Doris threw dirt into a hopper. “Thrift is a value independent of circumstances.”
“You can see why they might leave stuff down here,” Kevin said, tapping at the traffic boxes. “It’s a bitch to tear up these streets, and with all the cars.”
Doris shook her short black hair. “You’re getting it backwards, Kev, just like Hank. It’s the values you have that drive your actions, and not the reverse. If they had cared enough they would have cleared all this shit out of here and used it, just like us.”
“I guess.”
“It’s like pedaling a bike. Values are the downstroke, actions are the upstroke. And it’s the downstroke that moves things along.”
“Well,” Kevin said, wiping sweat from his brow and thinking about it. “If you’ve got toeclips on, you can get quite a bit of power on your upstroke. At least I do.”
Gabriela glanced quickly at Hank. “Power on your upstroke, Kev? Really?”
“Yeah, you pull up on the toeclips. Don’t you get some thrust that way?”
“Shit yeah, Kev, I get a lot of power on my upstroke.”
“About how much would you say you get?” Hank asked.
Kevin said, “Well, when I’m clipped in tight I think I must get twenty percent or so.”
Gabriela broke into wild cackles. “Ah, ha ha HA! This, ha!—this is the mind about to join the town council! I can’t wait! I can’t wait to see him get into some heavy debate with Alfredo! Fucking toeclips—he’ll be talking TOECLIPS!”
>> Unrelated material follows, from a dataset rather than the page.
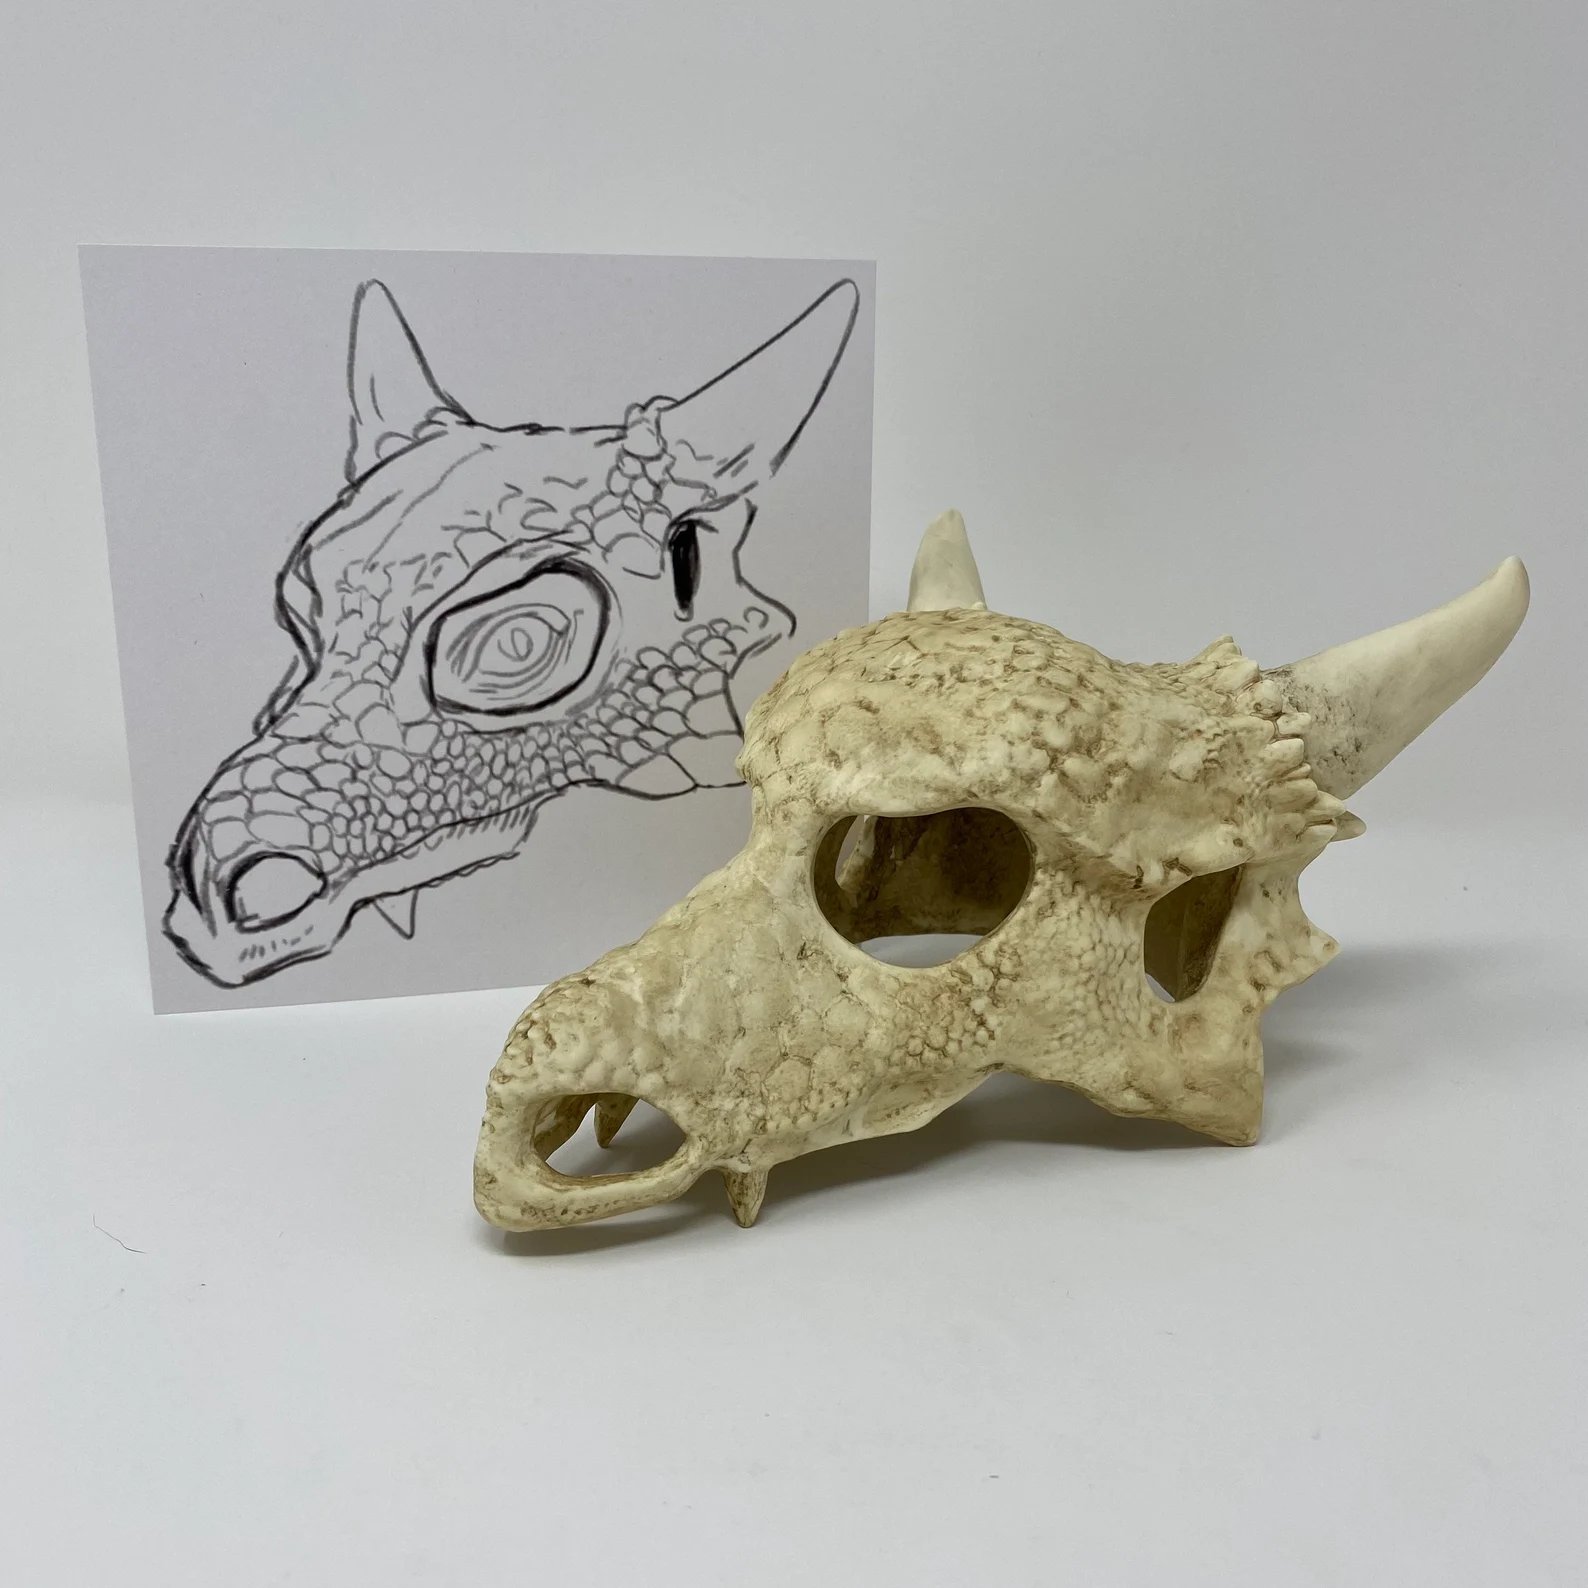 RJ Palmer 在Twitter 上："So I designed a realistic Cubone skull for and they went ahead and made the thing. Its so cool to have one on my desk It

“Well,” Kevin said stubbornly, “don’t you get power on your upstroke?”
“But twenty percent?” Hank asked, interested now. “Is that all the time, or just when you’re resting your quads?”
Doris and Gabriela groaned. The two men fell into a technical discussion of the issue.
Gabriela said, “Kevin gets into it with Alfredo, he’ll say toeclips! He’ll say, ‘Watch out, Fredo, or I’ll poison your blood!’”
Doris chuckled, and from the depths of his discourse Kevin frowned.
Gabriela was referring to an incident from Kevin’s grade school days, when he had been assigned with some others to debate the proposition, “The pen is mightier than the sword.” Kevin had had to start the debate by arguing in favor of the proposition, and he had stood at the head of the class, blushing hot red, twisting his hands, rocking back and forth, biting his lips, blowing out every circuit—until finally he said, blinking doubtfully, “Well—if you had just the pen—and if you stuck someone—they might get blood poisoning from the ink!”
Heads to the desks, minutes of helpless howling, Mr. Freeman wiping the tears from his eyes—people falling out of their chairs! No one had ever forgotten it. In fact it sometimes seemed to Kevin that everyone he had ever known had been in that classroom that day, even people like Hank, who was ten years older than him, or Gabriela, who was ten years younger. Everybody! But it was just a story people told.